FelipenerySilva/Analytics-for-Business-Intelligence-

Repository files navigation

Data Analytics for Business Intelligence

Repository containing a project in R of Data Analytics exercises questions for Business Intelligence.

The project was part of my Analytics for Business Intelligence course from the University of Newcastle (Uon) Master of Data Science Degree. Presented in the form of RMarkdown.

Question 1

A company producing snack foods uses an automated system to package 200g packets of chips. Management must ensure that the system (machine) is working properly; consistently underweight packets will result in consumer dissatisfaction, whilst consistently overweight packets result in additional costs being absorbed by the company. One of the specification requirements for the machine to be deemed to be working correctly is that the mean weight of the packets of chips is 200g. The quality assurance department obtained a random sample of 80 packets of chips and measured the content (in grams) of each packet in order to test the mean weight. The data is contained in file “Question1.csv”.

(i) Construct the 95% confidence interval for the population mean weight of the packets of chips.
(ii) What assumptions need to be met for this interval to be valid?
(iii) Interpret the 95% confidence interval in words.
(iv) Explain, using support from the 95% confidence interval, what you would conclude about whether the company’s system is meeting the specification requirement that the mean weight of the packets of chips is 200g.

Question 2

Two software auditing systems (System A and System B) were assessed for their ease of use by comparing the times taken by people (auditors) to complete a series of tasks using each system. A random sample of 100 auditors was selected and each auditor was assigned to a different randomly selected task. Each auditor used both systems A and B to complete his/her designated task. The two times were recorded (in minutes) for each auditor. The data is contained in file “Question2.csv”.

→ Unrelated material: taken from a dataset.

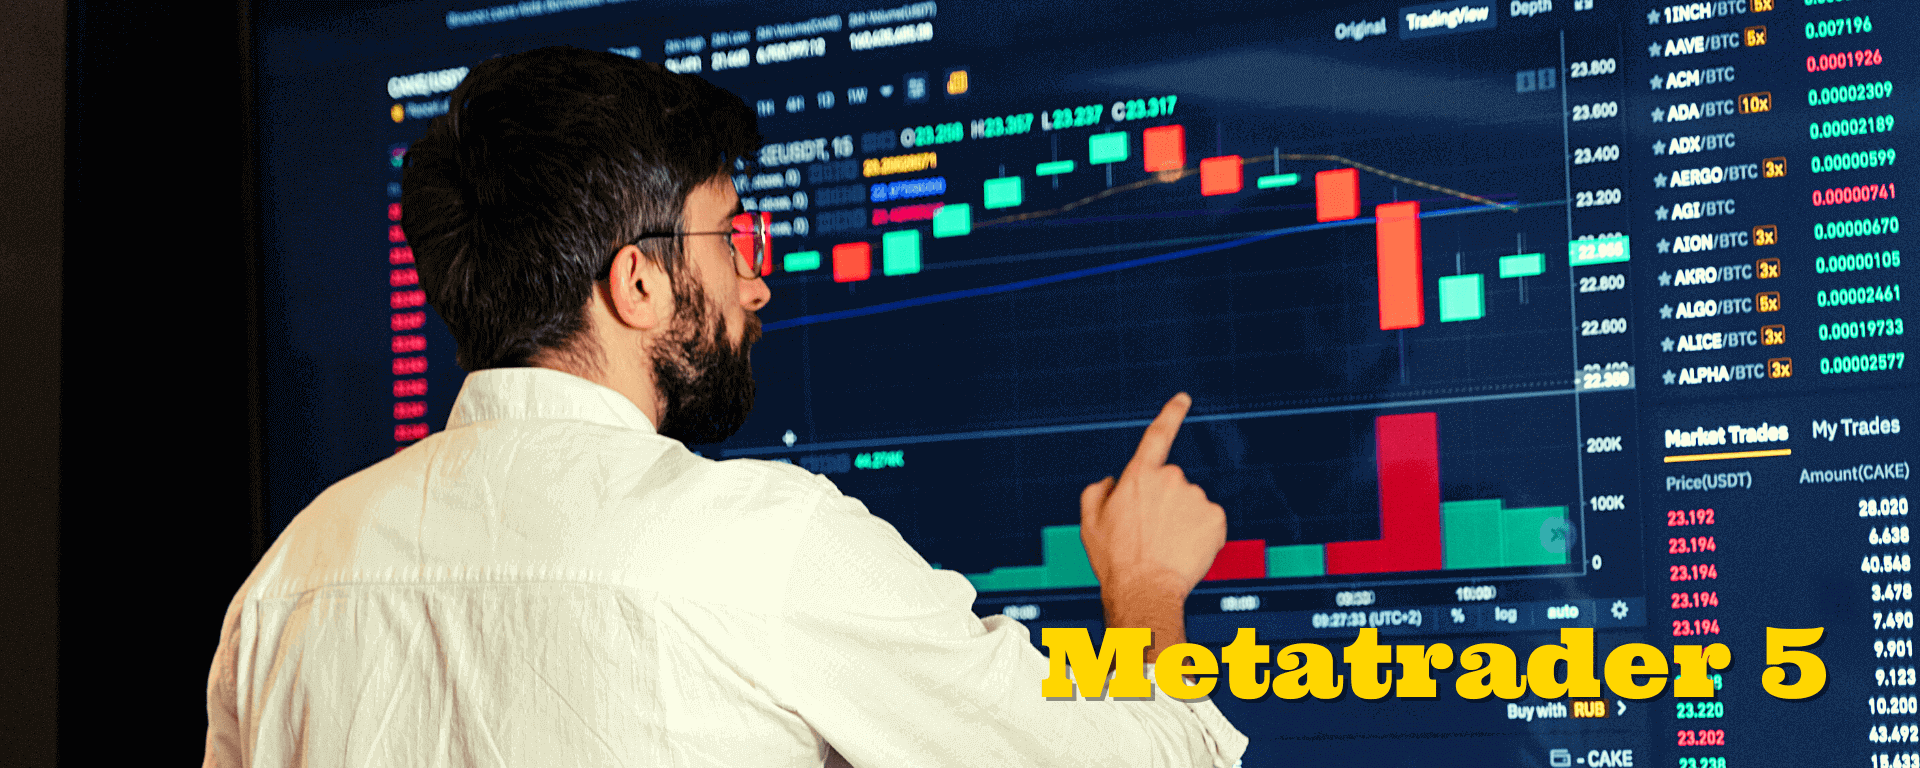 Como fazer o download do Meta Trader 5 e entrar no Metatrader 5 passo a passo
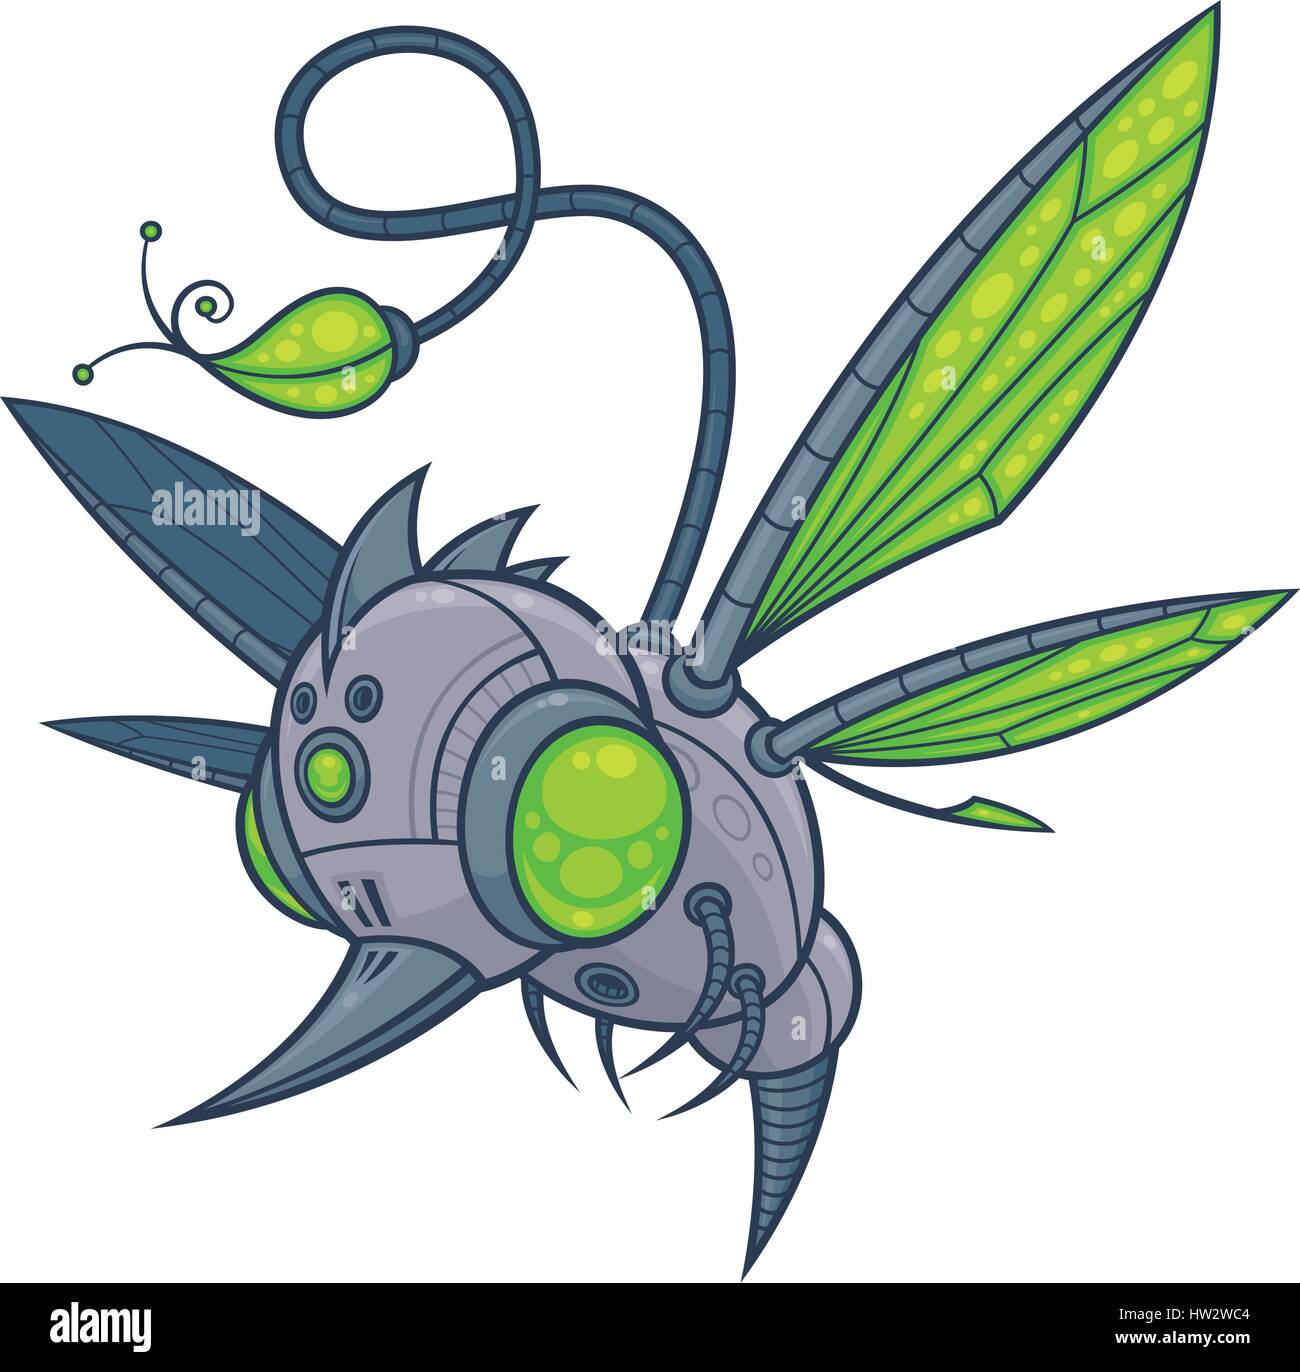 Vektor-Cartoon-Illustration einer fliegenden Roboter Drohne mit grünen Augen und Flügel. Stock Vektor

Implement the following six steps to test whether there is a difference, at a 5% significance level, between the ease of use of the two systems based upon the mean times to complete the tasks.

(i) Define the parameters and state the null and alternative hypothesis.
(ii) Check the assumptions for this hypothesis test.
(iii) Find the test statistic.
(iv) State the null distribution.
(v) Calculate the p-value.
(vi) Write the conclusion in plain language.

Question 3

In a study of multifunction inject printers, a random sample of 30 all-in-one printers were selected from a supplier and their printing rates (in pages per minute) and retail prices (in dollars) were recorded. The data is contained in file “Question3.csv”: Columns A and B are the printing rates and the printer prices, respectively.

(i) Does the scatterplot suggest a linear relationship between printing price and printer rate?
(ii) Fit a simple linear regression model with printer price as the response variable and printing rate as the predictor variable. Write down the regression equation and interpret the numbers in the equation.
(iii) Use the fitted regression equation to estimate the price of a printer with a printing rate of 2 pages per minute.
(iv) Is there sufficient evidence that there is a relationship between printer price and printing rate? Be sure to state the null and alternative hypotheses, the p-value and an appropriate conclusion.